Bandire dalle tavole italiane posate e pastasciutta. Tommaso Marinetti lo teorizzò nel suo Manifesto della Cucina Futurista pubblicato sulla Gazzetta del Popolo il 28 dicembre 1930.
Cosa ha a che fare la caprese, non la torta ma la bella composizione di fior di latte o mozzarella, pomodoro e basilico con la cucina futurista? Forse nulla, forse tutto. Se esistono tomi sulla storia della gastronomia e del gusto, ricettari di tutte le epoche dal medioevo ad andare avanti, nulla è mai tanto nebuloso quanto l’origine delle pietanze così come le conosciamo oggi. Si confondono analogie documentate, racconti orali, testimonianze ataviche, storie, leggende. Ebbene secondo una delle tesi più accreditate la vivace e nutriente vivanda sarebbe stata inventata da uno chef del lussuoso hotel Quisisana di Capri, ove, pare, il buon Marinetti con una certa frequenza soggiornasse. Del resto i colori del piatto richiamano il tricolore nazionale e la composizione appare conforme allo spirito del letterato futurista e dei suoi precetti culinari.
Il manifesto prevedeva, del resto, “l’invenzione di complessi plastici saporiti, la cui armonia originale di forma e colore nutra gli occhi ed ecciti la fantasia prima di tentare le labbra”.
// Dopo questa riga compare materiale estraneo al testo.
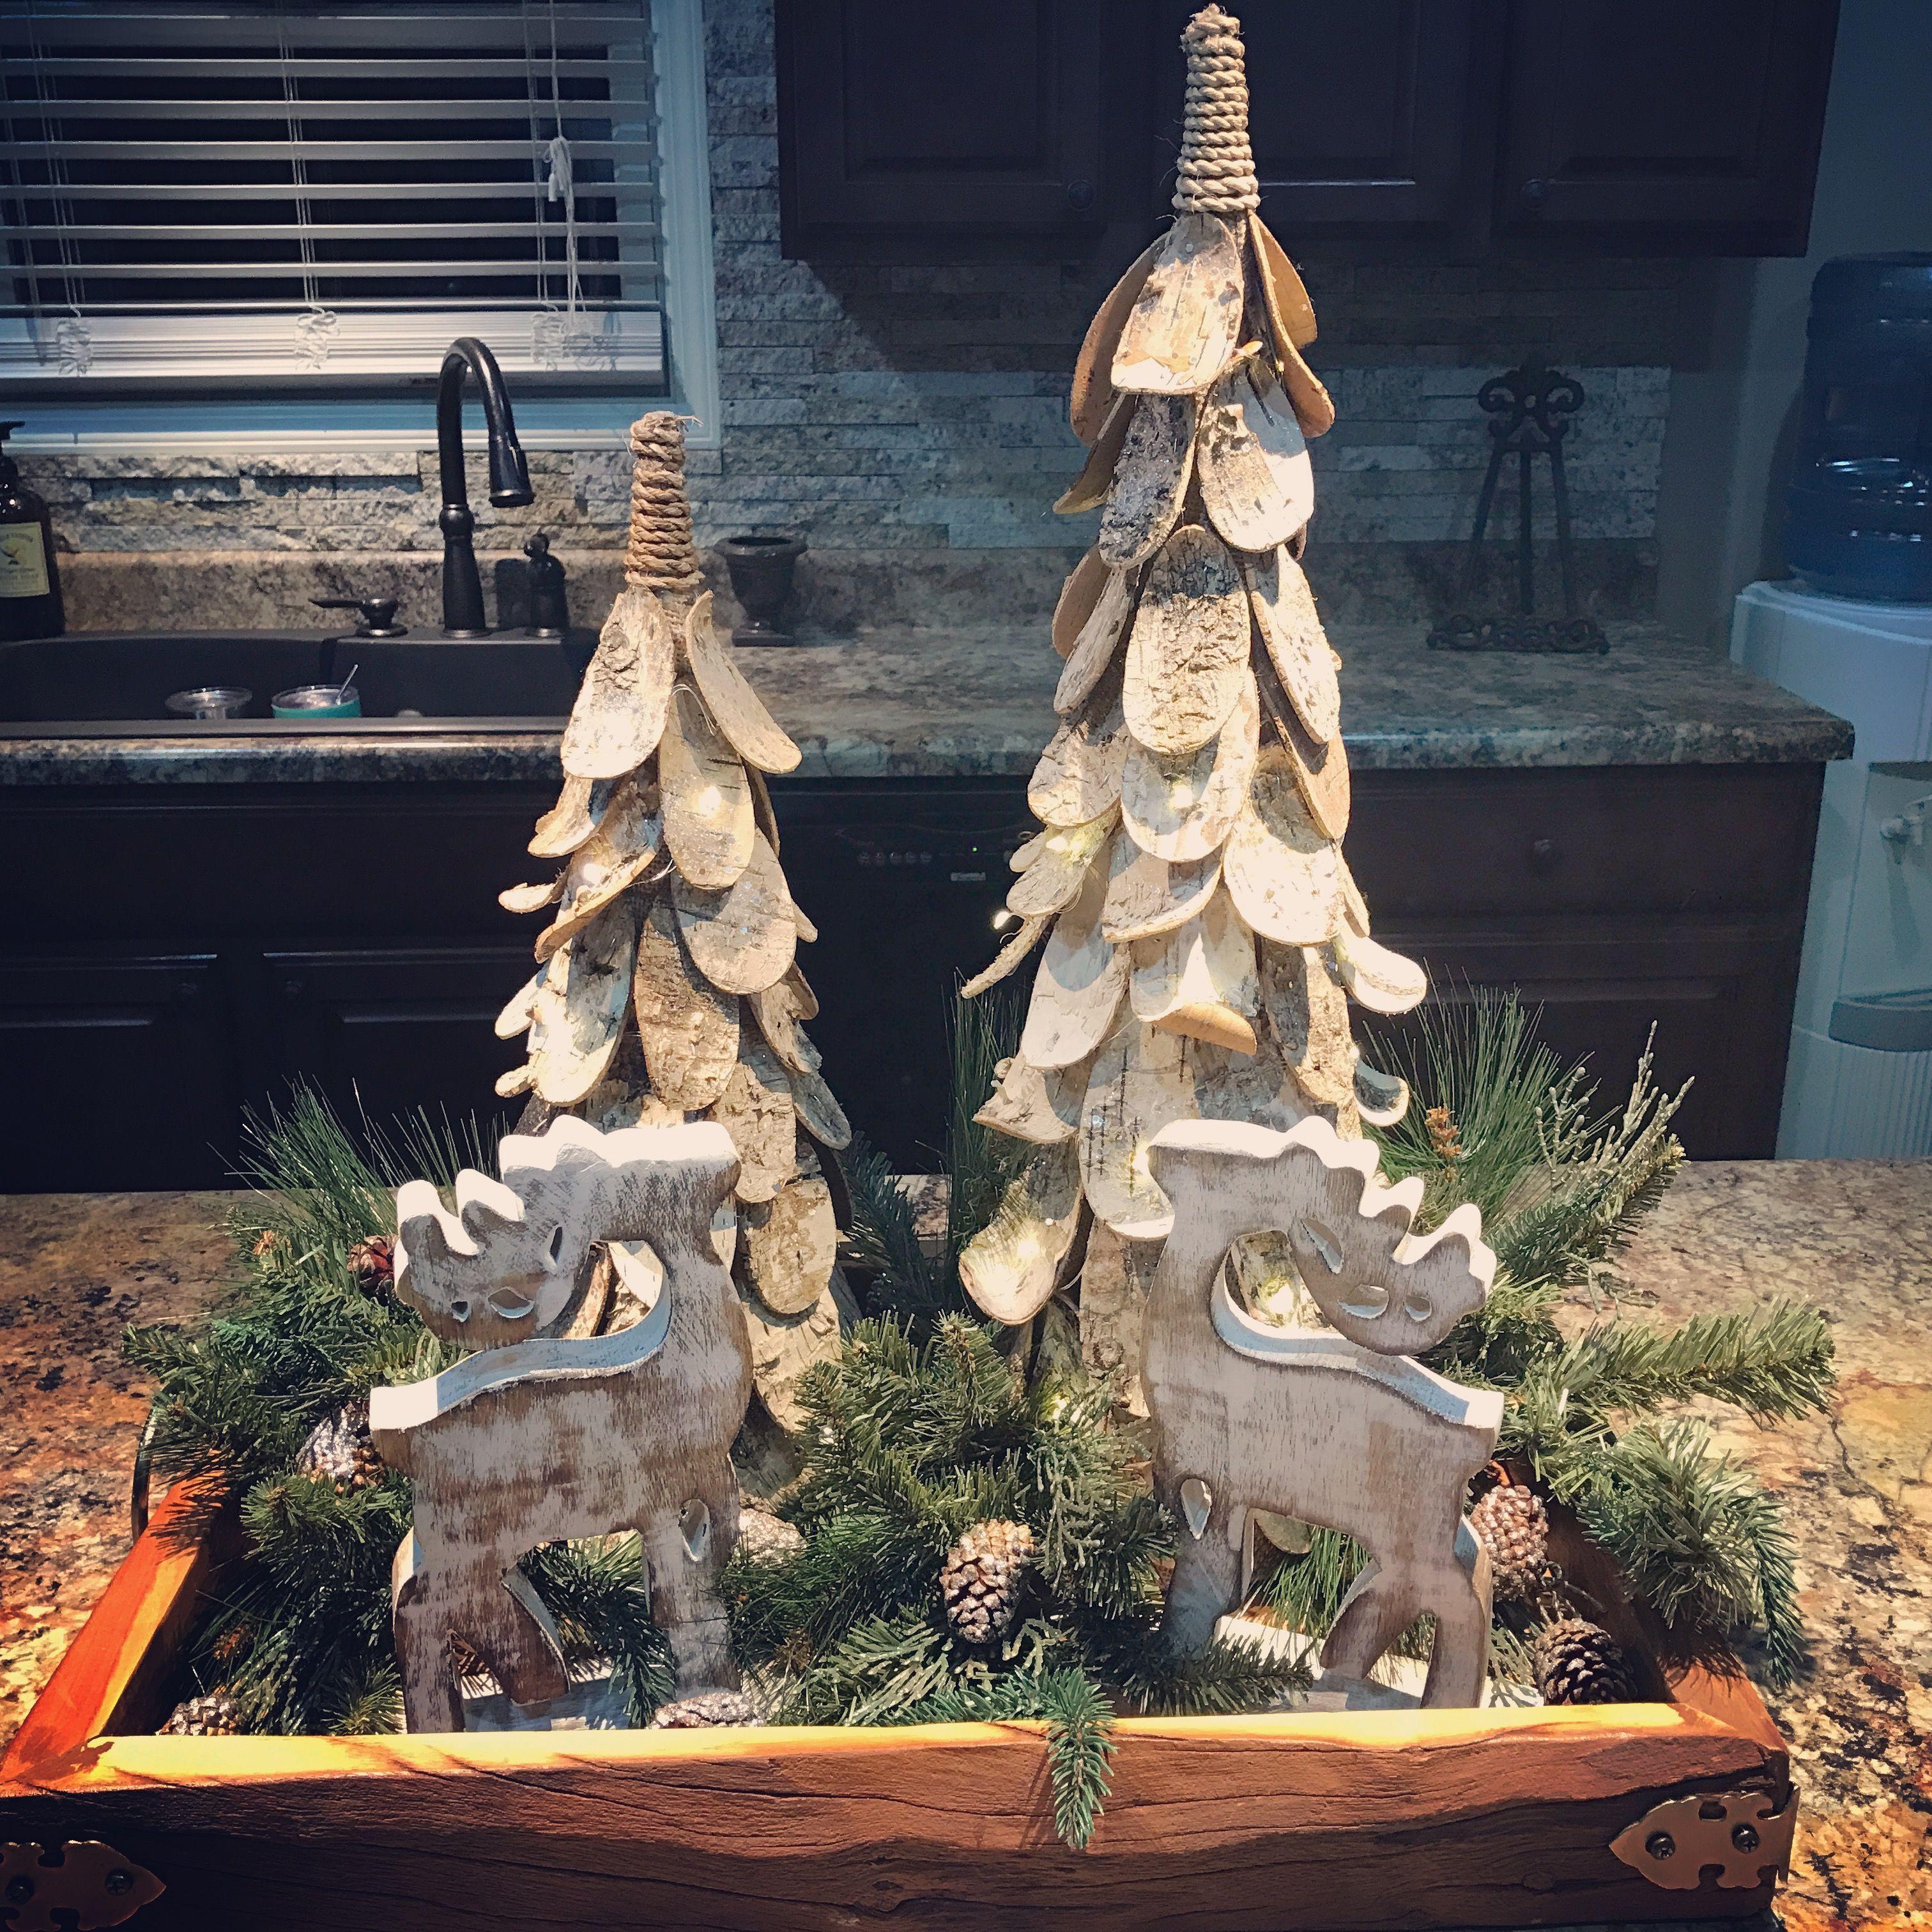 Island Christmas Theme.Christmas Woodland Theme Kitchen Island Centerpiece Items

Nella caprese ben è dato rinvenire tutte queste caratteristiche. Qualche veterocomunista, nostalgico e indefesso, probabilmente storcerà le labbra innanzi a queste righe e cestinerà, in barba di ogni etica anti-spreco, ciuffi di basilico, monticelli di pomodori e zuppiere di mozzarelle, inorridito dal possibile sospetto di collusione ex-post col movimento artistico ritenuto fiancheggiatore del ventennio fascista.
Liberi da codesto ideologismo di riporto, continuiamo a beare il nostro palato della mozzarella intramezzata a fette di pomodoro e foglie di basilico. Piacere profondo di un piatto in cui trovano perfetto equilibrio dolcezza, acidità, aromaticità e fragranza. Gli occhi subiscono la malia della vivezza dei colori e, diremmo, in sintonia col Marinetti, infervorano le papille che, lo si avverte, si protendono per gustare. La caprese, in fondo, non passa mai di moda esattamente come la tentazione della carne.
Il tempo passa e la fedeltà all’ispirazione marinettiana deve pure imporre originalità che spezzi il sovrappeso della tradizione. Per la caprese, in qualche modo simbolo di una logorante e insulsa ripetitività, osiamo suggerire un pizzico antimediocrista di sale Maldon tra ciascuna fetta di pomodoro e mozzarella.
Si tratta di un sale, su questo forse il nostro illustre letterato avrebbe da ridire, britannico che per il particolare processo produttivo si presenta in “flakes” ossia scaglie. Per effetto di questa peculiarità si scioglie più lentamente e conferisce maggior vigore al gusto. E’ evidente, infatti, che la puntura sapida di un granellino non può pareggiare quella di una scaglia la cui superficie di contatto con la nostra lingua è nettamente superiore.
E allora si spinga con furore la caprese verso un nuovo orizzonte, internazionalizzato e vivificato dal candido impeto del sale Maldon.
(Il sale Maldon è facilmente reperibile ad un costo più che ragionevole nelle migliori rivendite di gastronomia oltre che online su innumerevoli siti di commercio a distanza).